In-water temperature loggers recorded a maximum of 34.06° C (93.3° F) on the seafloor at Newfound Harbor on July 10, the paper states. And in the week before reaching that maximum, water temps skyrocketed, more than quadrupling the average daily increase seen in the preceding days.
Even after bleached corals regained their color, Neely’s team noted unusual lesions of an unknown origin on mountainous star coral colonies, in some cases causing significant tissue loss over a few months before the lesions disappeared.
Forward to the future
Though the NSU team’s data helps paint a more complete picture, with a slightly brighter tone, of the fallout from 2023’s heat wave, the event could be a glimpse behind the curtain for almost-certain future events.
“I saw something that said, ‘This might be the hottest summer of your life, but it may be the coolest summer for the rest of your life,’” she said. “I think the reflection done by the restoration community after the 2023 event was really valuable, and some of them are completely rethinking what corals they use in their restorations. But we’re kind of getting a sneak peek into what species might do well 10 years or 100 years from now, and I hope that this can help inform those discussions.”

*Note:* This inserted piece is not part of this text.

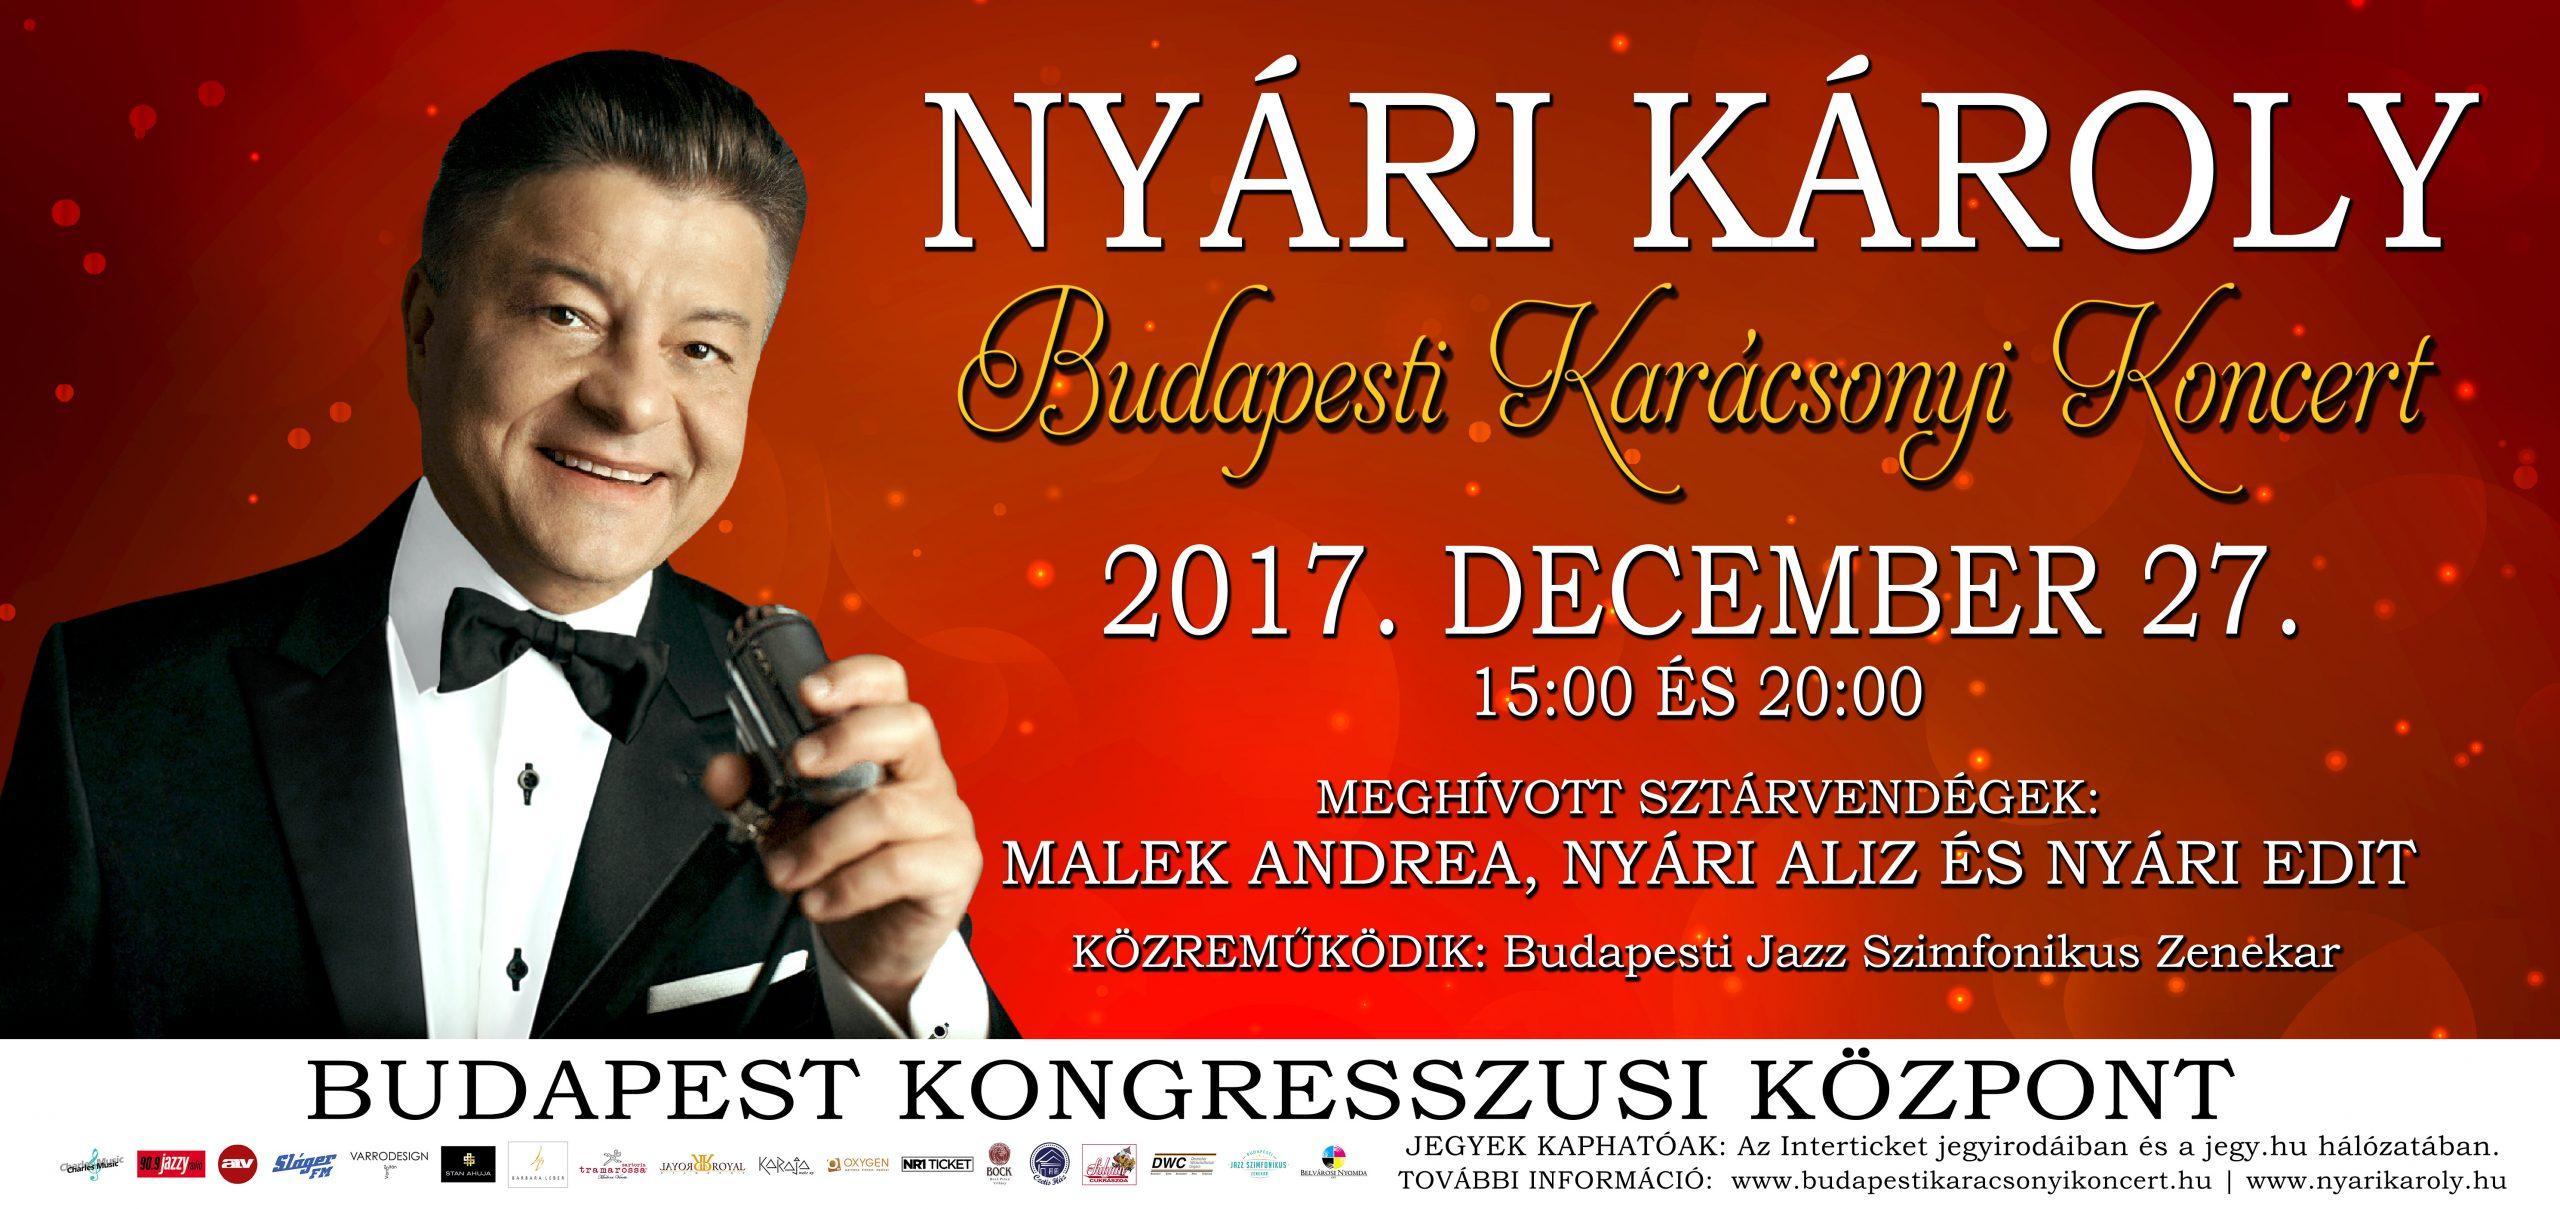 BUDAPESTI KARÁCSONYI KONCERT 2017.

Beyond “a happy story, in showing that not everything died,” Neely said the monitoring served as a reminder that “there are a lot of corals out there that have been around for a really long time, and survived hundreds of years of problems.”
“We have to keep them alive, because it’s way easier to keep a coral alive than it is to replace it with new ones,” she concluded. “We still need to be thinking about these wild corals, what they’re susceptible to, what they’re resilient to, and how we can help keep them.”